The following is custom research conducted on behalf of Consolidated Rock Holding Company. You should probably do your own due diligence and this should not be considered investment advice.

IBEX Technologies (TSXV:IBT) is a microcap company operating in the biomedical field. With a $2.5 MM market capitalization at its current share price of $0.11, the market is clearly not expecting big things from the company. However, the company has a very different business profile from the standard early stage pharmaceutical company. The more standard model is a team of researchers with an idea raise a pile of cash and then spend it trying to create a drug or medical device. That is very much a boom-bust model, where things are either a large success or an abject failure. IBEX has a less bifurcated future ahead of it, as its business is the manufacture of enzymes for various purposes. That means the company has revenue, and has been profitable year to date.

Products

The company has two primary products, the first (and most important) is a heparin blocking enzyme called Heparinase I. It attaches to Heparin, which is commonly used as a blood clotting drug, and deactivates it. That makes it useful as part of a test for how well a patient’s blood is clotting on its own. A blood sample can have Heparinase added to it, which deactivates the Heparin the patient has received, and a blood clotting test can be performed on the sample, which allows a determination of whether the patient still requires clotting medications, which have significant side effects.

From an investment point of view, having the enzyme used as a consumable in a regular test implies continued demand, especially given that Heparin is often used in the care of the elderly, which is a fast growing portion of the healthcare market.

The second product is an arthritis assay kit, used for evaluating cartilidge degradation. It is only approved for research use, which limits the end market to academic institutions and pharmaceutical companies for their internal use. If the company were to get it approved for use as a medical test for patients the size of their market would dramatically increase, although it seems additional research and significant regulatory expenses would be required for that to occur, so I have not included it as part of my valuation.

Corporate Governance

The company seems to have unusually good corporate governance for a firm of its size. The disclosures list no related party transactions at all, which is highly unusual in microcaps. Almost always is there a third party CFO getting paid for consulting work, or office space getting leased from an officer. While these transactions are often fair to the companies that do them (and often required as microcaps often don’t have the balance sheet to own their own buildings) the fact that IBEX is operating without them is a fundamentally good thing. There are outstanding stock options for between 4% and 5% of the outstanding shares, which is within a range I would consider reasonable.
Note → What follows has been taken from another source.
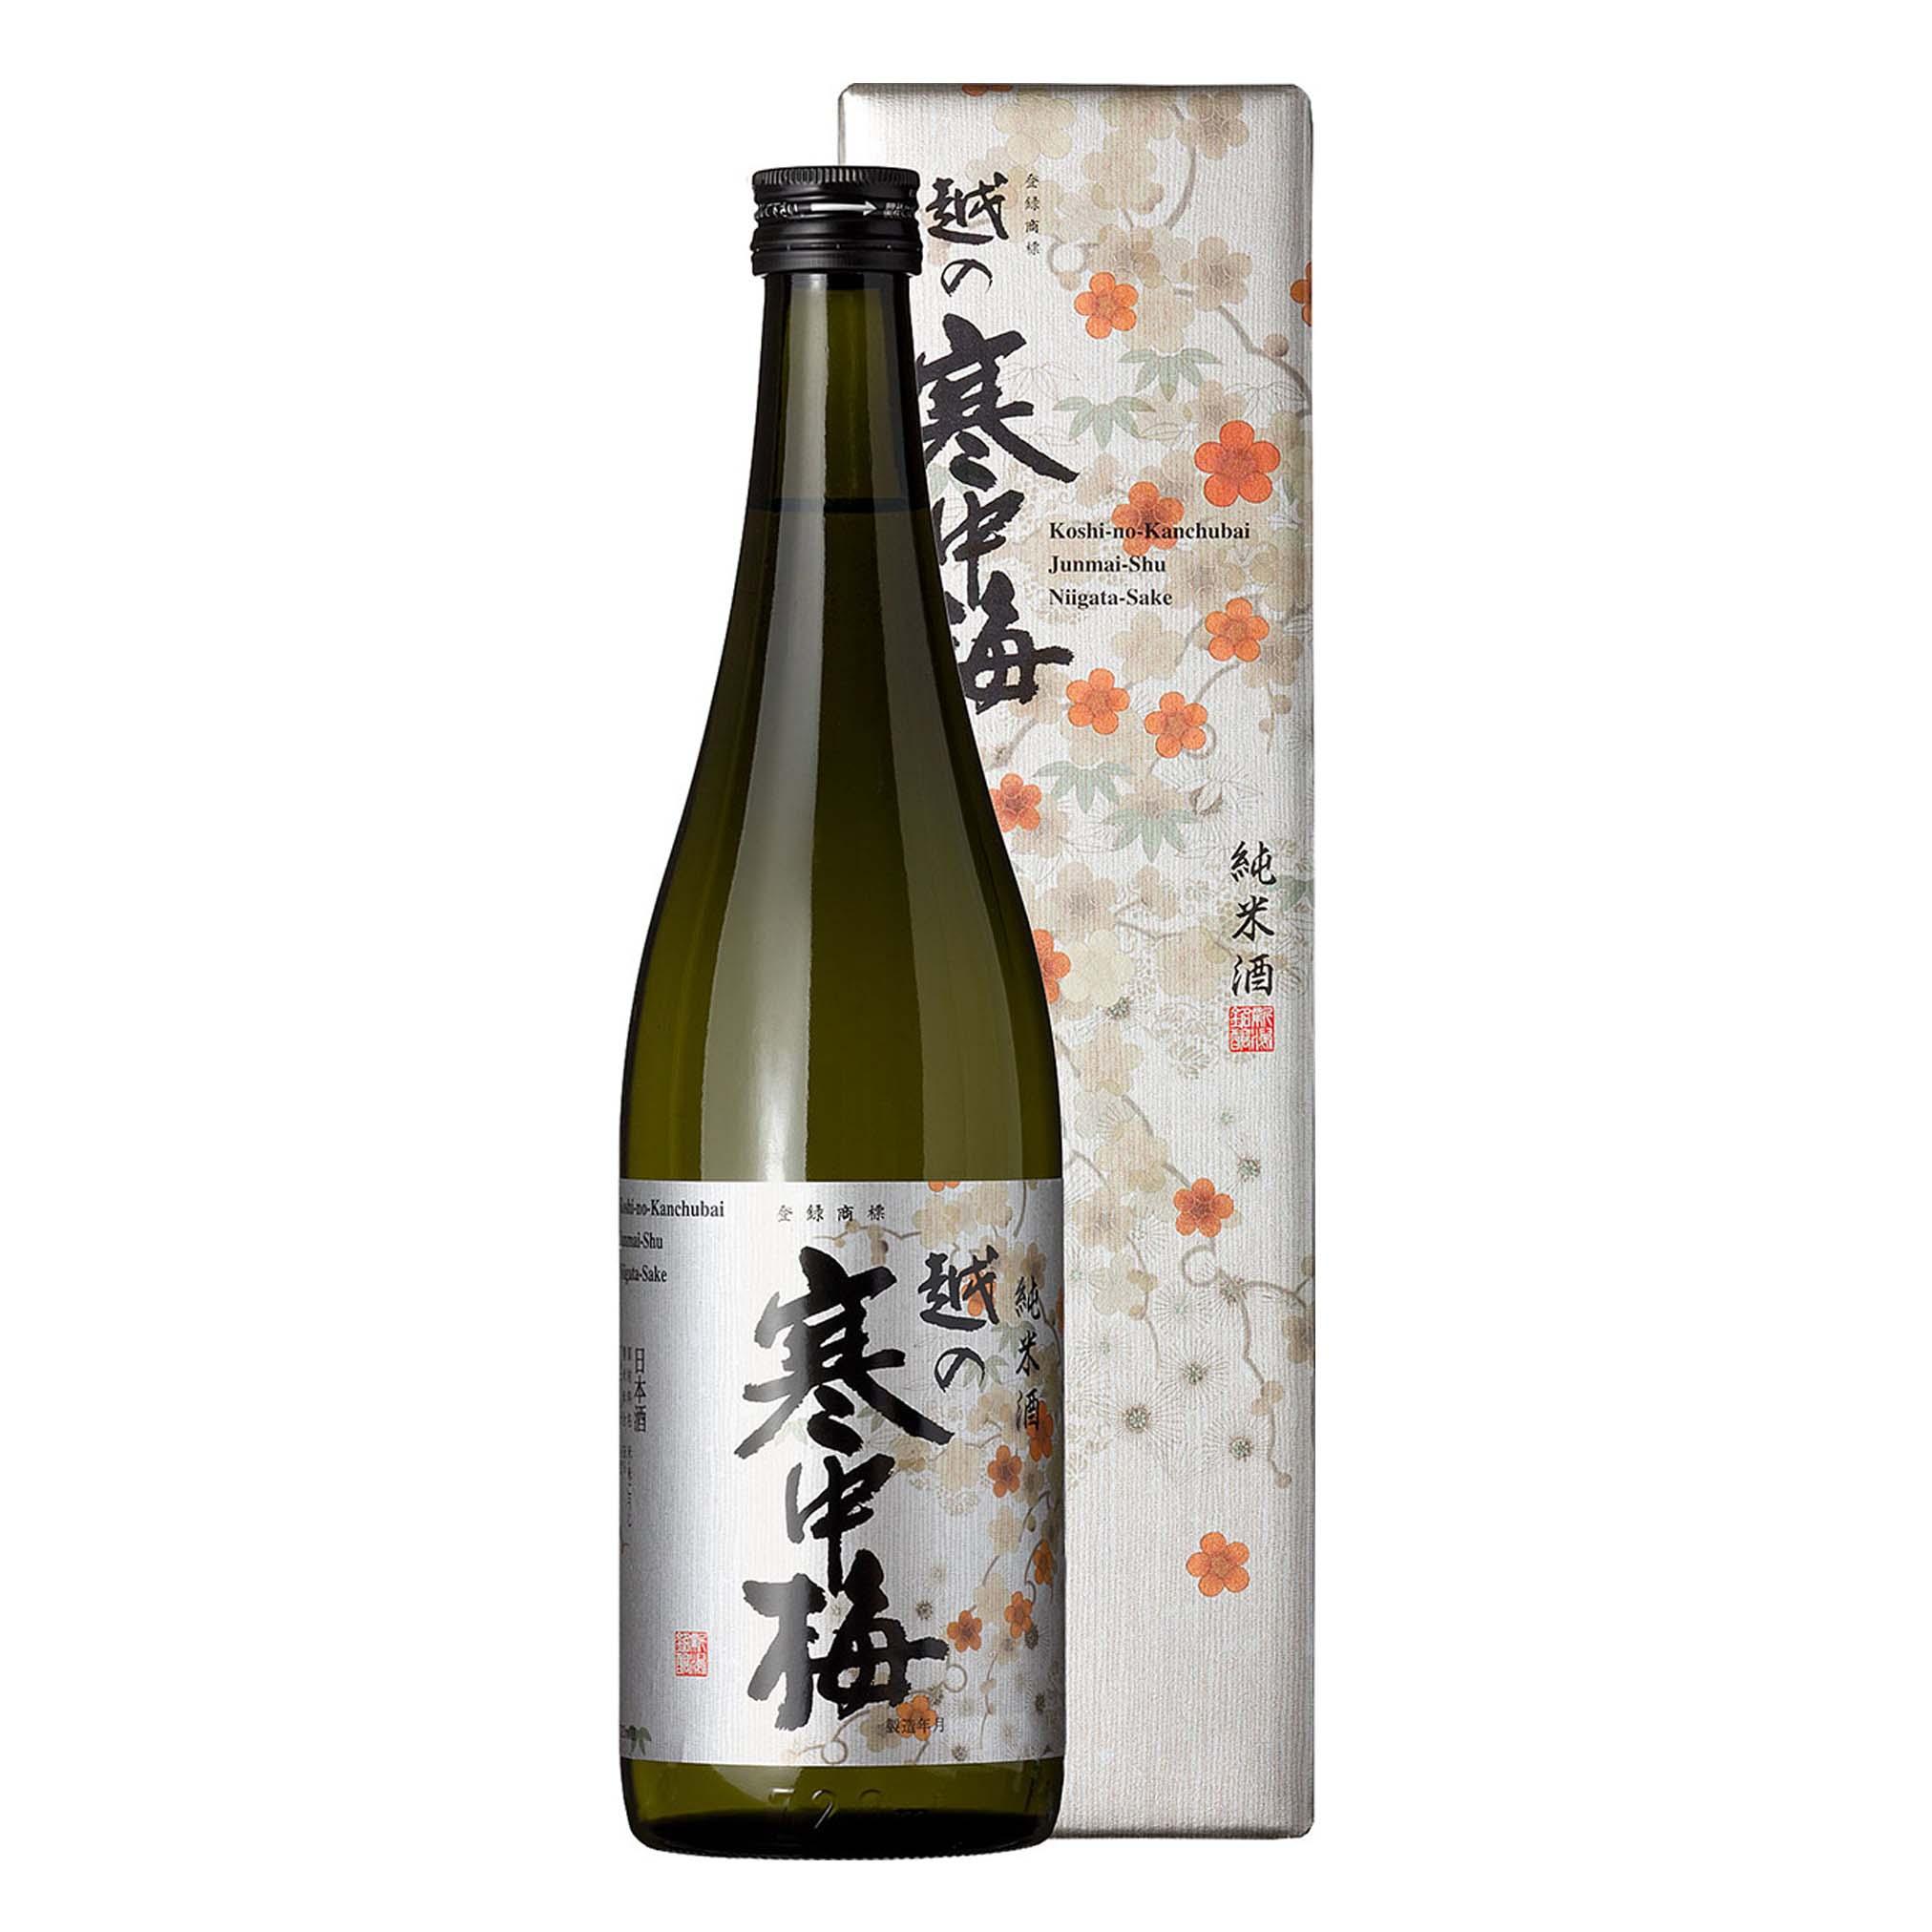 Koshinokanchubai Gin Label Junmai Shu 14% 720ml

The CEO also holds the office of Chairman, which is generally undesirable, but owns nearly 10% of the outstanding shares, which is very desirable. One of the other directors own a little of 3% of the shares, which means that inside ownership is strong enough for incentives to be ok, but the company is not controlled either, so would be subject to activist forces if they decided to abuse shareholders for some reason. Interestingly, the CEOs salary has been decreasing, and was $205,000 in 2015.

Customer Concentration

The company has one large customer that has accounted for 40% of its sales so far this year. That implies a significant dependence on that customer. They have a second large customer as well, such that their top two customers are approximately 50% of their business

Source: Interim Financials, Quarter Ended April 30, 2016

The company has indicated that their biggest customer was on an inventory build-up during the first two quarters of fiscal 2016, and that the reduction of spending by this customer is responsible for the switch from a large profit to a loss in Q3. The veracity of this statement seems to be the most important risk factor facing the company, as if they are able to keep up their Q1-Q3 earnings pace the valuation is likely excessively cheap. However, the company’s most recent MD&A says the following:

As mentioned above, we have benefited in Fiscal Year 2016 from one customer’s need to build inventory for internal logistical reasons. As a result we expect that Fiscal Year 2017 results will be significantly lower than Fiscal Year 2016 as that customer returns to their normal purchase pattern.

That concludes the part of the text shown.